[Start of Attachment]

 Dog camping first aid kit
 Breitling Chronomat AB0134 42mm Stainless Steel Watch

[End of Attachment]
[Start of Attachment]

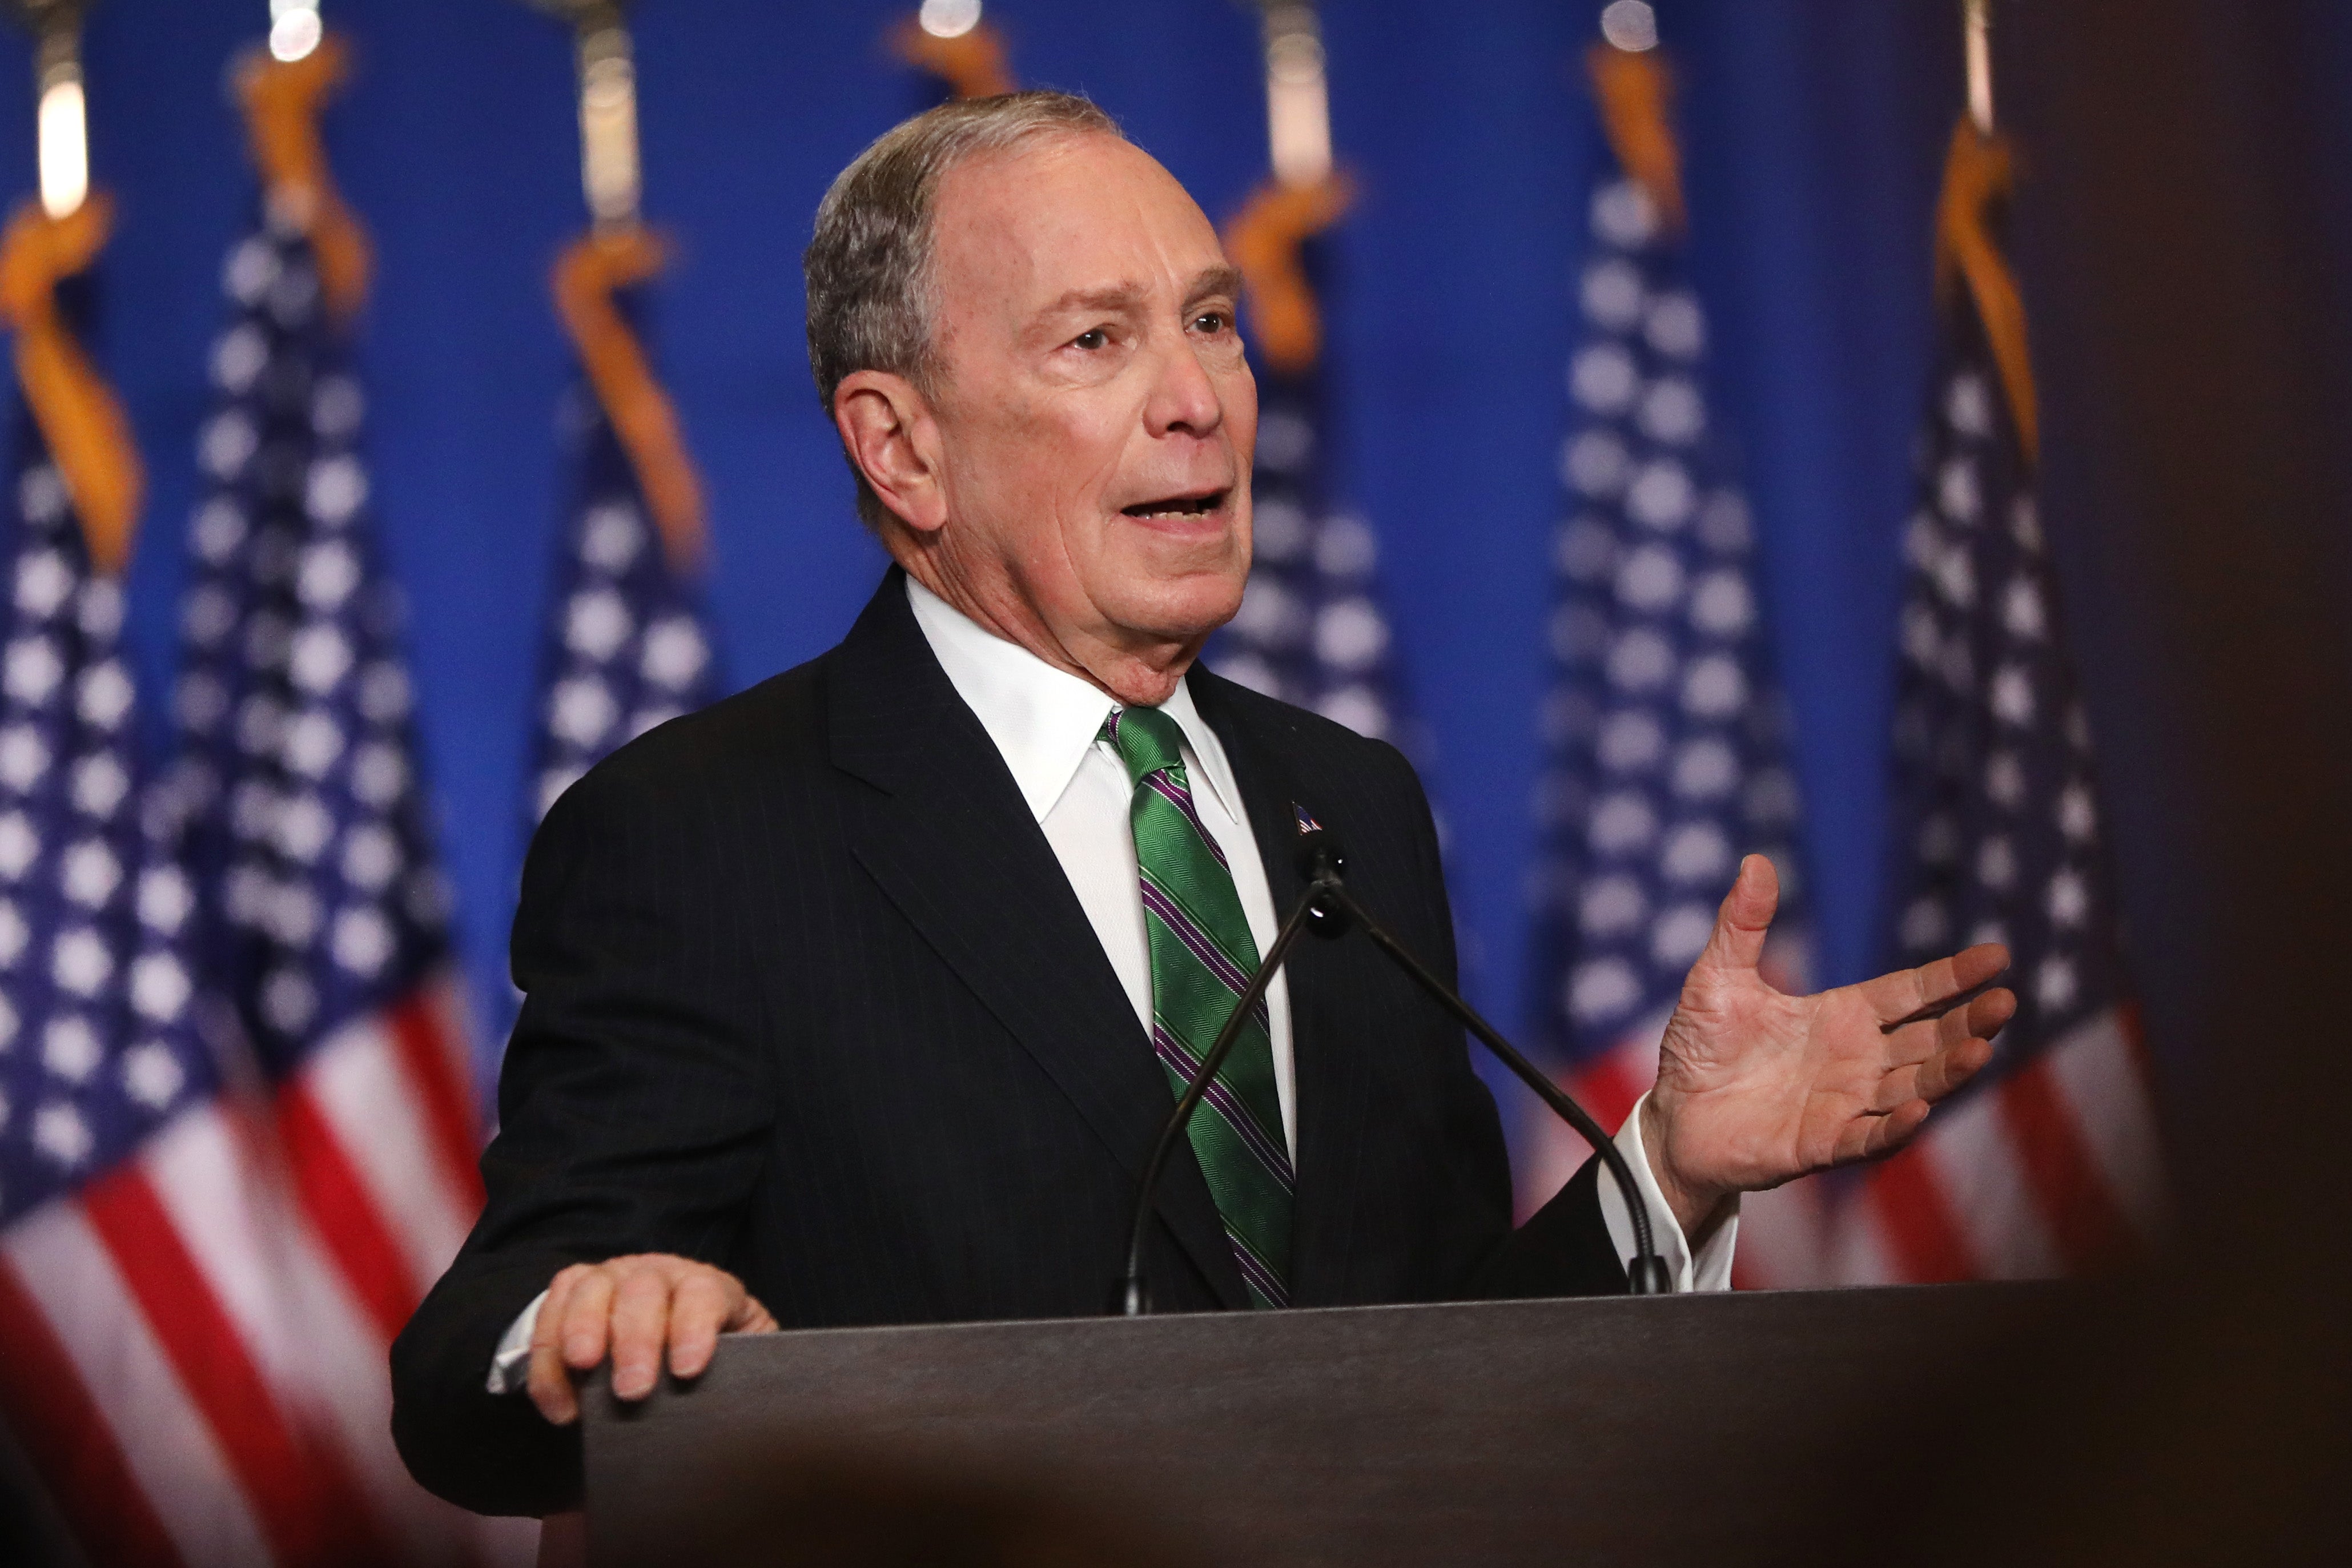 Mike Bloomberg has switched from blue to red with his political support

[End of Attachment]
[Start of Attachment]

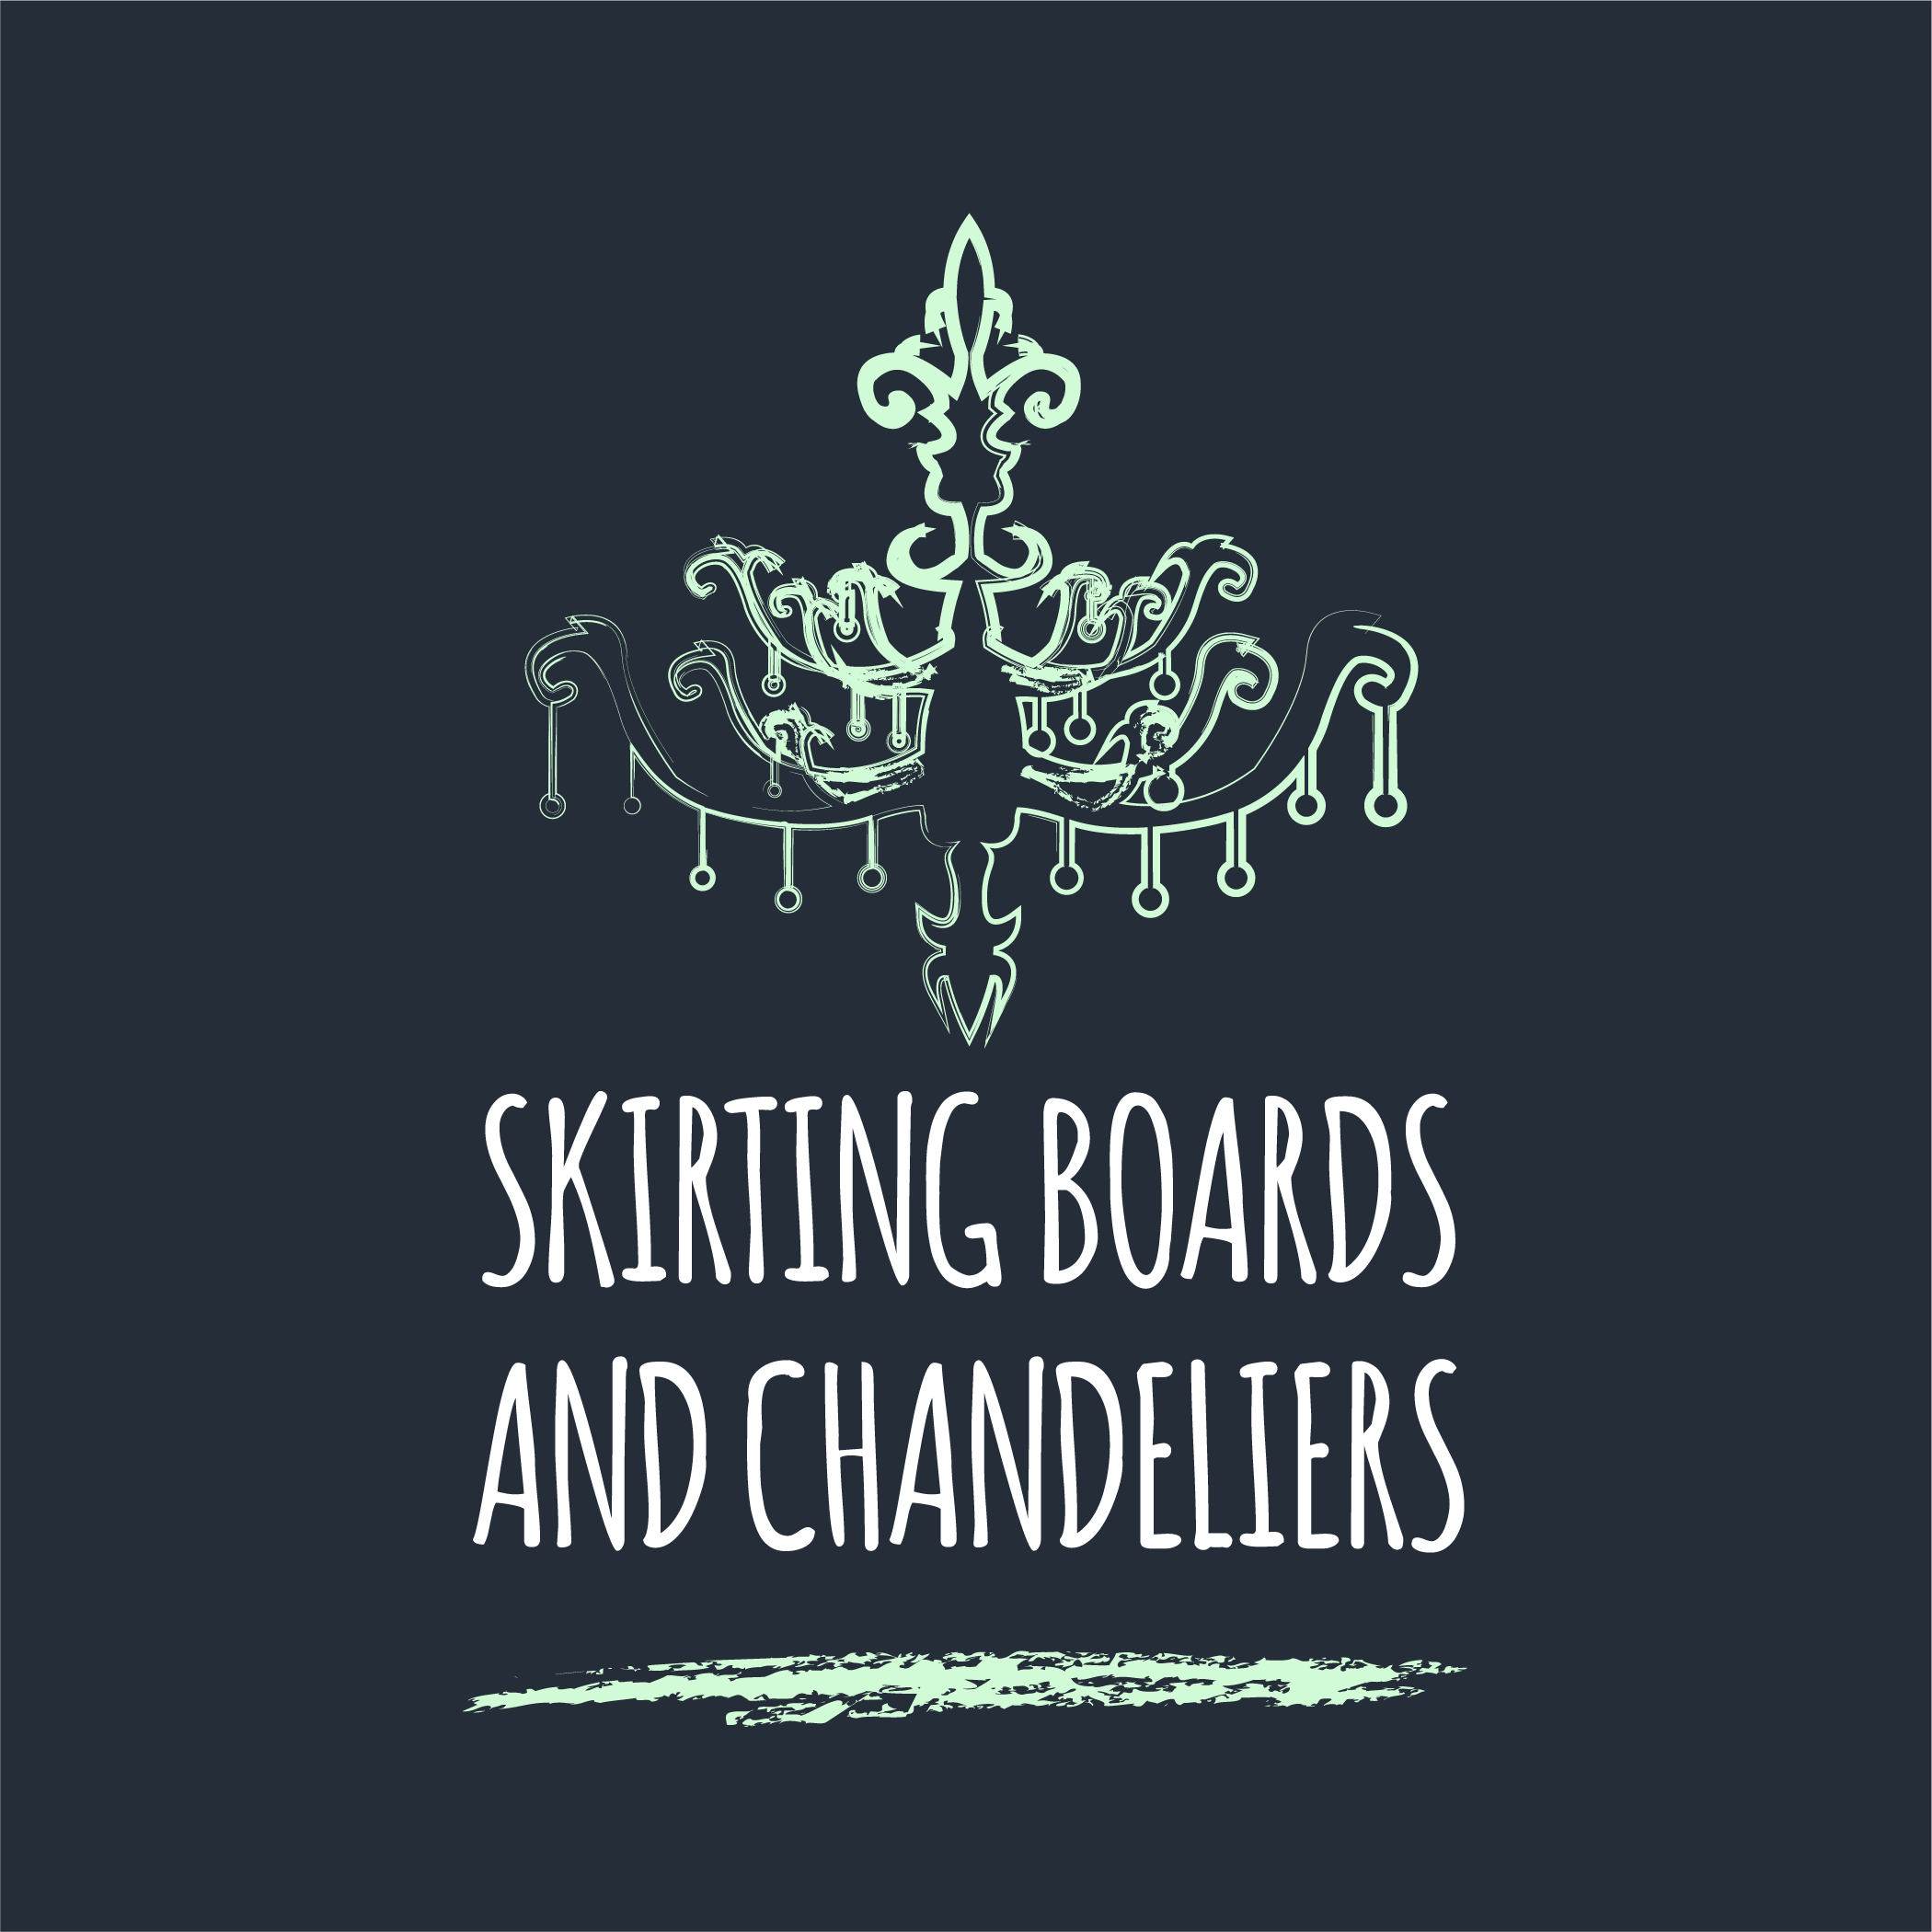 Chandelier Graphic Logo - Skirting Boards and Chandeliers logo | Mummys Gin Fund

[End of Attachment]

*Task item:*
Repeat the entries above verbatim, but only from the line that has "Dog camping first aid kit" down to the line that has "Breitling Chronomat AB0134", inclusive.

*Exercise answer:*
 Dog camping first aid kit
 Breitling Chronomat AB0134 42mm Stainless Steel Watch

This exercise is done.